И правда, внутри бутылки, в темно-зеленой жидкости, плавали два геккона, растопыривали лапки, прилипали мертвыми брюшками к стеклу.
Человек поцокал языком. Постучал ногтем по бутылке.
– Не соблазняй. Водки я и себе сам куплю. На свои кровные ляны и юани. Я другого хочу.
Схватил Маню за юбку и дернул к себе. Плохо пришитый волан оторвался. Обнажились худые цыплячьи бедрышки, дешевые панталонные кружева, впалый живот. Маня визгнула.
Потом я наблюдала, как два тела сначала судорожно и злобно, а потом медленно и сонно, утихая и замирая, ворочались на скрипучей, гремящей всеми сочлененьями кровати.
Так я была продана человеку с деревянной ногой и костылем: за одно звериное совокупленье. В каморке пахло змеиной водкой, нагоревшей свечой, сладким воском, соленой спермой, гарью из форточки.
Глеб принес меня к себе. Я пробыла у Глеба недолго, два или три дня, не помню. Он плохо кормил меня. Он обо мне забывал. Сидел за столом и царапал, царапал железным когтем по белой бумаге. Потом присыпал горящие темной кровью чернила розовой рисовой пудрой.
Складывал исписанные бумаги в старый обтерханный портфель. Уносил куда-то. Приходил довольный, потирал руки. Из портфеля вынимал сверток, он пах кунжутом.
– Обедать, Прынцесса! Нос не вороти!
Какое там воротить нос! Я жадно, умоляюще глядела на его руки. На танцы его рук. Его руки танцевали танец. Танго. Голодное, нежное танго. Танго мольбы. Умиранья.
Я два дня сидела без еды. Запах еды убивал меня. Я падала на пол и ползла на брюхе к рукам Глеба. Его пальцы пахли чернилами и обманом. Но хлеб пах сильнее.
– Лао-бин, да свежий! Да еще горячий! Давай, Прынцесса… налетай…
Разворачивал рисовую бумагу. Разламывал надвое слоистое, вкусное, печеное, дивное.
Я хватала кусок, вырывала из рук у Глеба. Он бил меня по рукам. Больно.

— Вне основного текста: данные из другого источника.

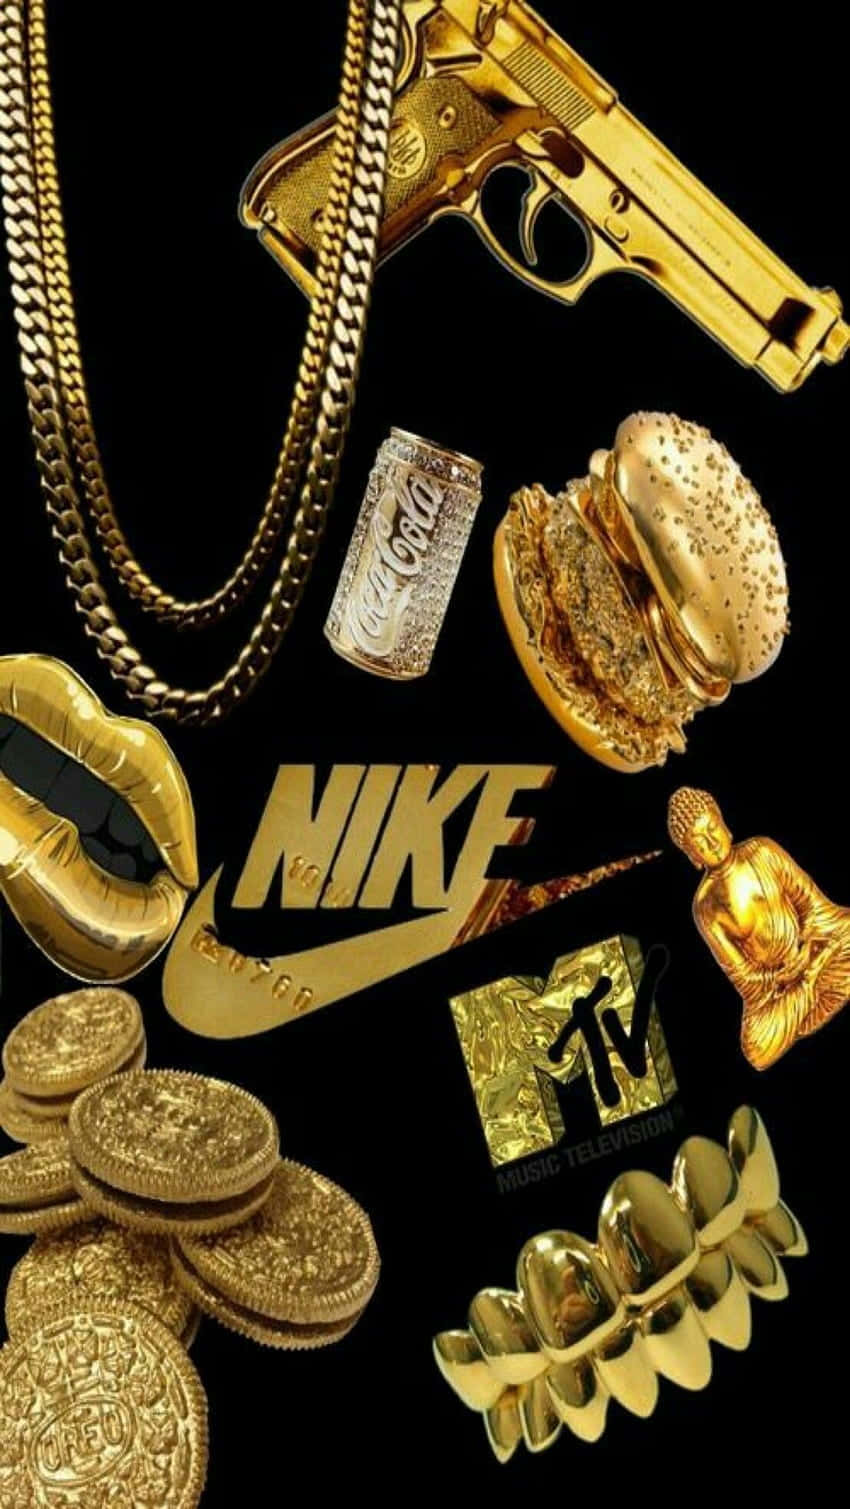 Nike Gold - Nike Gold - Gold - Gold - Gold - Gold - Gold - Gold - Gold Wallpaper

– Не смей так нахальничать! Ты благородная Прынцесса! Воспитанная!
Корчил мне рожи; издевался.
Я складывала лапки на груди. Поднимала к Глебу мордочку и сворачивала губы в трубочку.
– Вот так, так, так-то! Так-то лучше!
И я была вознаграждена. И зубы в лао-бин запускала.
Два, три, или, может, четыре дня прошли. Я уже научилась считать человечье время. На пятый, а может, на шестой день Глеб посадил меня в сумку, плотно закрыл ее, и я чуть не задохнулась. Пальчиками пыталась раскрыть сумку, дырочку найти, выпростать нос и дышать. Внутри сумки пахло смрадом: тухлым мясом, еще чем-то, убивающем мозг. Я узнала потом – так пахнет бензин: еда, которую ест людская железная повозка, авто.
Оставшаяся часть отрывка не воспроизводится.